Pocas imágenes resumen mejor el desastre que Muynak, en Uzbekistán. Fue uno de los grandes centros pesqueros del Aral: unos 10.000 pescadores trabajaban allí y la localidad llegó a producir alrededor del 3% de las capturas anuales de toda la Unión Soviética, y en la región, la industria daba empleo a decenas de miles de personas. Cuando el agua retrocedió, se excavaron canales intentando mantener comunicado el puerto con el lago, pero la costa se alejaba más rápido de lo que podían perseguirla. Los pesqueros quedaron abandonados sobre el antiguo fondo marino, cubiertos de óxido y rodeados de arena, mientras una industria que durante generaciones había vivido del agua empezó incluso a recibir pescado congelado por tren desde Murmansk, a miles de kilómetros de distancia.
La desaparición del Aral no dejó simplemente un lago más pequeño: creó un paisaje nuevo. Decenas de miles de kilómetros cuadrados del antiguo fondo quedaron expuestos y dieron origen al Aralkum, un desierto de sal, arena y sedimentos que actualmente ocupa alrededor de 62.000 km². El terreno contiene además los restos de décadas de actividad agrícola: sales, fertilizantes, pesticidas y otros contaminantes que se habían acumulado en la cuenca. Los vientos pueden levantar enormes cantidades de ese material y transportarlo a grandes distancias, convirtiendo el antiguo lecho del lago en una fuente permanente de tormentas de polvo y sal y agravando la degradación de los propios terrenos agrícolas que justificaron originalmente el desvío del agua.

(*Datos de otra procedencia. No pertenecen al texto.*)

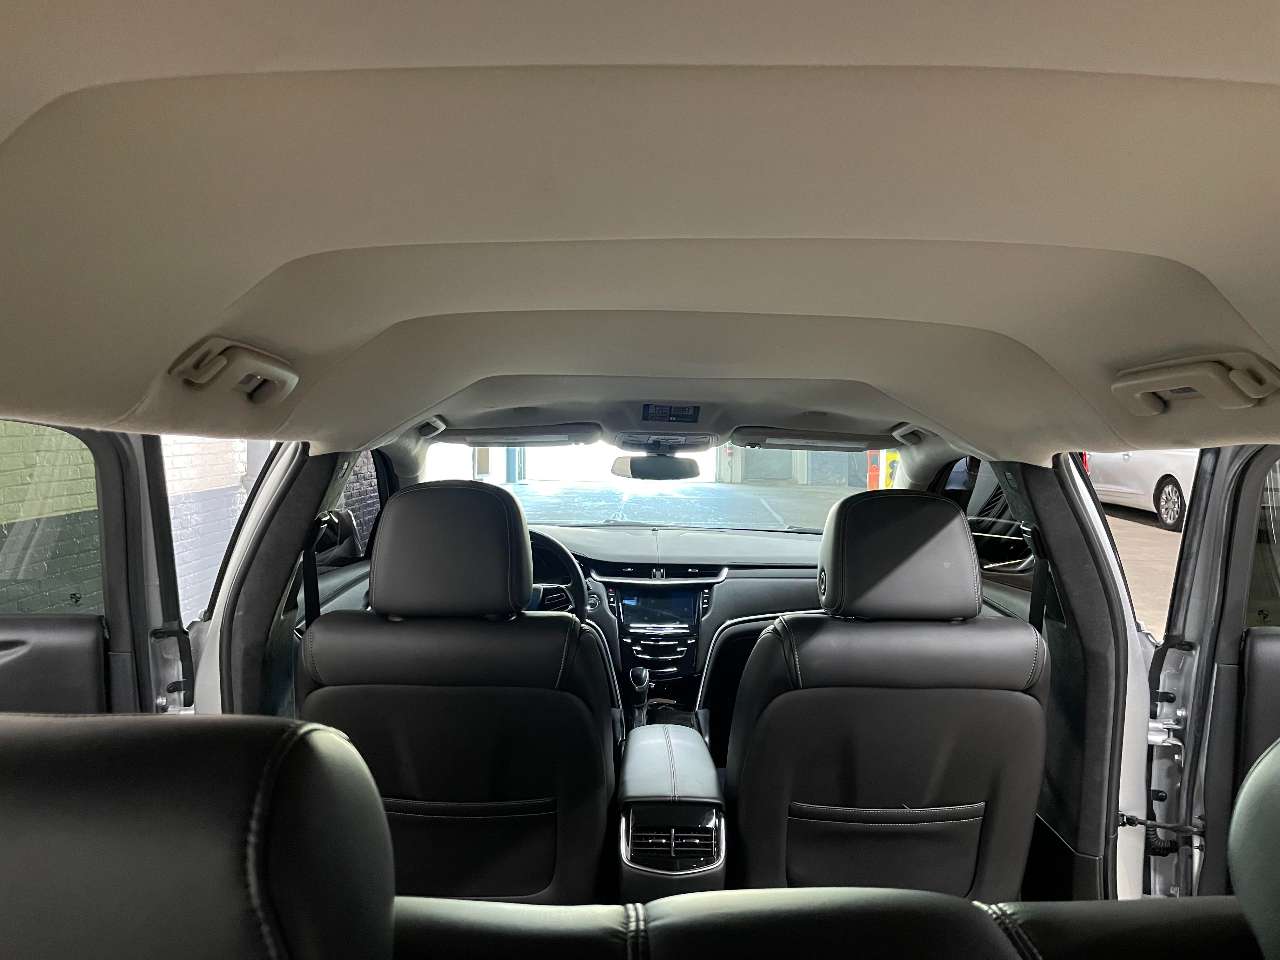 2019 Cadillac Platinum 6 Door Limousine 1690463650997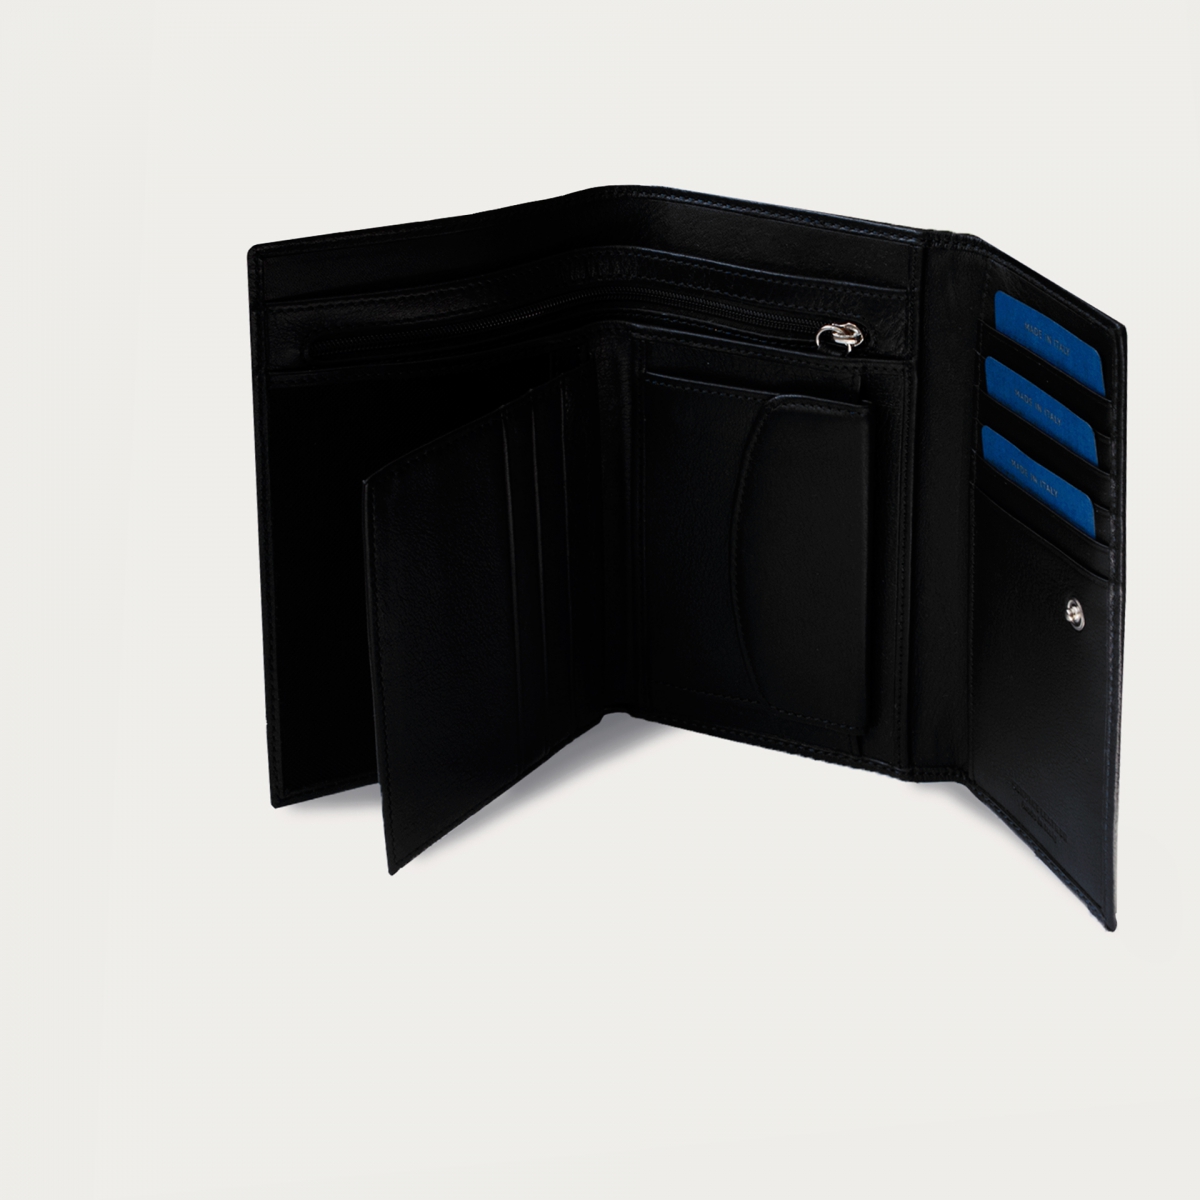 BRUCLE Geldbörse aus echtem Vollnarbenleder mit Kartenfach, Dokumentenfach und Geldbörse, Farbe schwarz

El lago funcionaba como un gigantesco regulador térmico en mitad de una región continental extremadamente seca. Al desaparecer buena parte de aquella masa de agua, los veranos se hicieron más cálidos y secos y los inviernos más fríos, mientras las tormentas procedentes del fondo expuesto añadían otro problema a las poblaciones cercanas. Ya durante los últimos años de la URSS se documentaban graves problemas respiratorios y oculares y una fuerte contaminación del agua, al tiempo que médicos e investigadores alertaban de la exposición a sales y productos químicos. El proyecto concebido para multiplicar la productividad agrícola terminó alterando el agua, los suelos, el clima, la economía pesquera y las condiciones de vida de toda una región.
El final, sin embargo, no ha sido idéntico a ambos lados de la antigua masa de agua. Kazajistán construyó con apoyo del Banco Mundial la presa de Kokaral, una barrera de unos 12 kilómetros terminada en 2005 que permitió retener el agua del Sir Daria en el Aral Norte. El resultado superó las previsiones: el nivel subió unos 3,3 metros en apenas siete meses cuando se había calculado que podría tardar una década, la salinidad descendió y regresaron especies de agua dulce. Las capturas pesqueras pasaron de unas 1.360 toneladas en 2006 a más de 7.100 en 2016, demostrando que una parte del ecosistema podía recuperarse si volvía a recibir agua.
En Uzbekistán ocurrió lo contrario. El Amu Daria continúa sometido a una enorme demanda agrícola y su caudal apenas alcanza lo que queda del Aral Sur, y en 2015, su cuenca oriental llegó a secarse completamente. Restaurar aquella parte exigiría devolver al lago enormes cantidades de agua que hoy sostienen explotaciones agrícolas y miles de empleos, el mismo dilema que bloqueó las soluciones cuando la URSS todavía existía. Así, más de seis décadas después, el balance de aquella apuesta por el algodón puede verse desde el espacio: Moscú consiguió transformar millones de hectáreas de Asia Central en tierras irrigadas, pero a cambio convirtió gran parte de uno de los mayores lagos del planeta en un desierto de unos 62.000 km².